The Royal Canadian Navy (RCN) established a temporary training base in the Imperial fortress colony of Bermuda (also called the Somers Isles) during the latter part of World War II. From 1944 to 1945, the RCN operated a shore facility named from the former Royal Navy base at Convict's Bay, St. George's (which had been transferred to the War Office to be joined to the adjacent St. George's Garrison after the Royal Navy had relocated to Bermuda's West End in the 19th Century). HMCS Somers Isles closed in 1945 following the end of World War II.

The RCN departure from Bermuda was short lived as a result of the growing tensions of the Cold War. In 1951 most of the Royal Naval Dockyard, Bermuda was closed, leaving the South Yard to operate as a supply base, HMS Malabar, until it closed in 1995.

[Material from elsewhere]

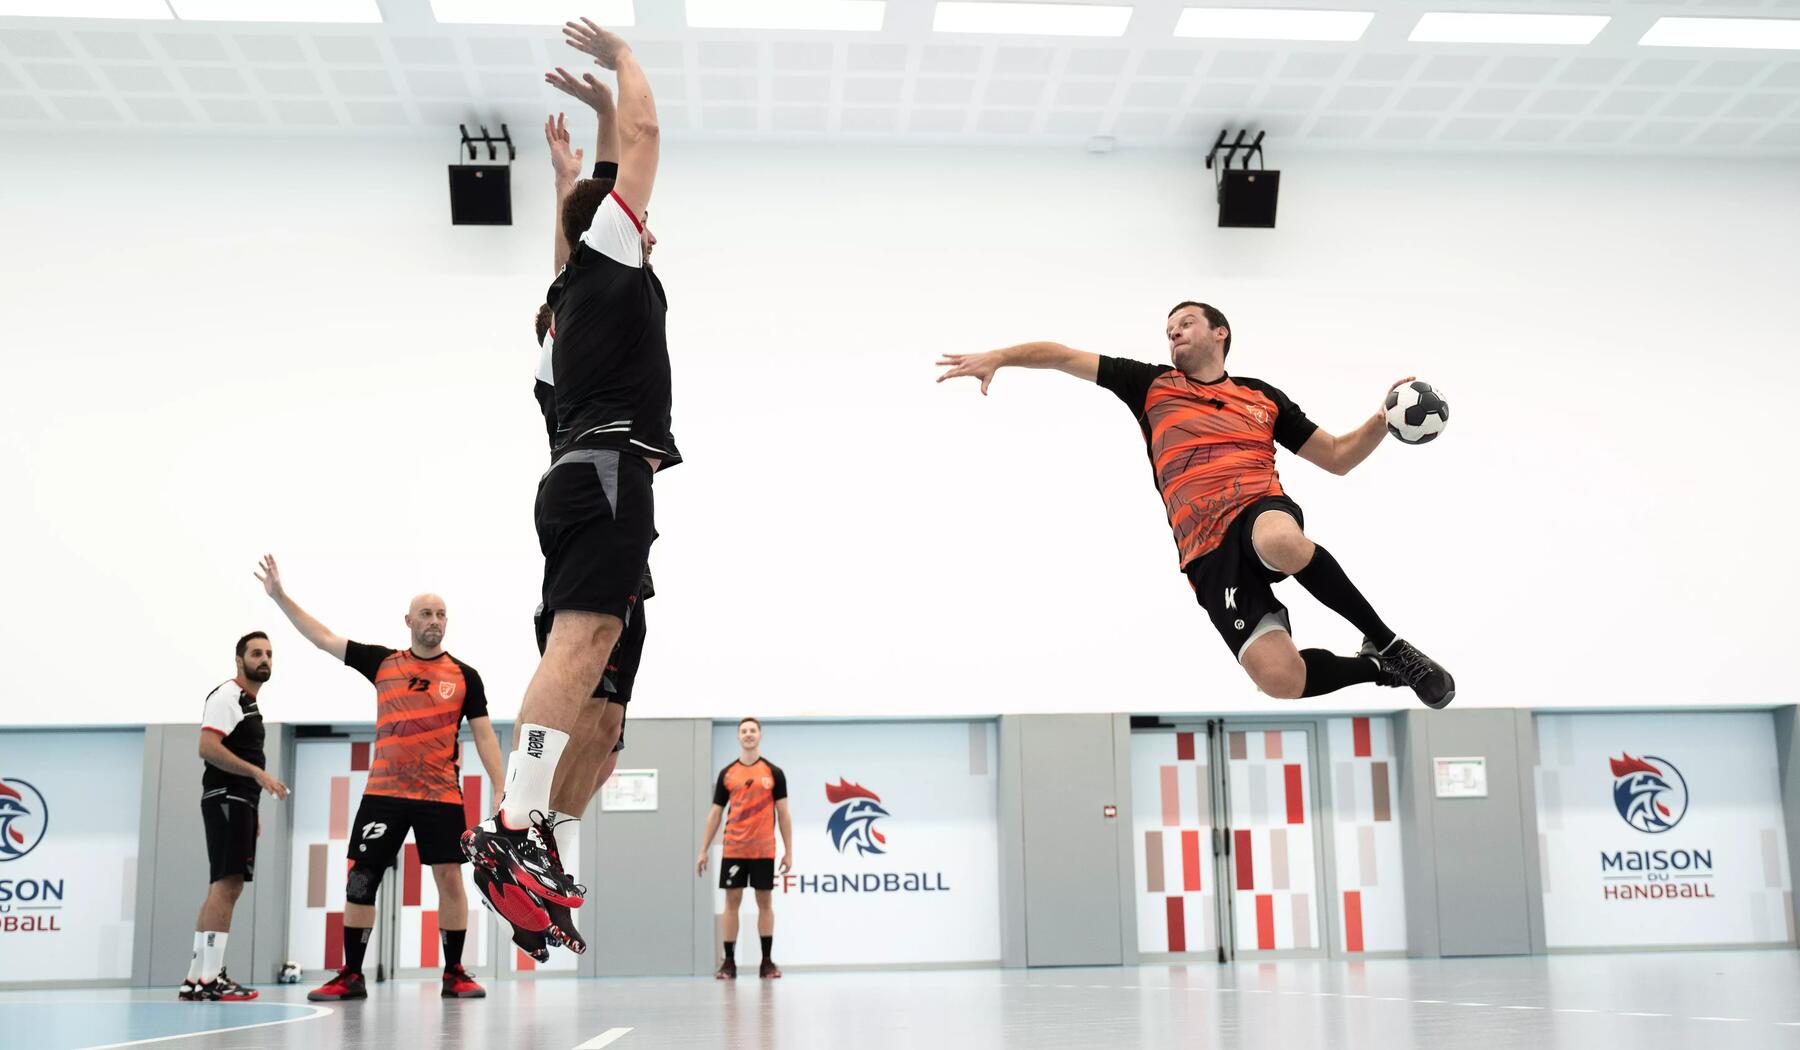 Mann springt hoch und setzt zum Wurf mit dem Handball an. Sein Gegenspiel versucht ihn den Wurf zu blocken

The RCN returned to Bermuda, taking over part of the former RN property and creating a winter training installation. More than 30 RCN warships and 5,000 sailors trained in Bermuda during the 1950s.

A satellite of the Royal Naval Dockyard was a parcel of Admiralty land at Daniel's Head, on Somerset Island, part of which was purchased in 1809 and the rest in 1914 and 1915 for a Royal Naval Wireless Telegraphy station. In 1961 the RCN established a HFDF receiver facility at Daniel's Head, and on 1 January 1963, Daniel's Head was transferred from the Royal Navy to the Royal Canadian Navy when the RCN facility became operational. The RCN also built a transmitter facility on Ireland Island North, using a former Royal Navy wireless station that operated between 1939 and 1949. Both the receiver and transmitter facilities were operated during the 1960s as Naval Radio Station Bermuda or NRS Bermuda.

From 1944 until 1968, the Bermuda installations would be the only RCN facilities outside Canada. From 1968 to 1992 it was one of three CF locations outside Canada.

==CFS Bermuda==
On 1 February 1968, the Royal Canadian Navy, Royal Canadian Air Force and the Canadian Army were merged to form the unified Canadian Forces.

The following year in 1969 saw NRS Bermuda renamed to Canadian Forces Station Bermuda (CFS Bermuda) and the facility came under the control of Communication Command.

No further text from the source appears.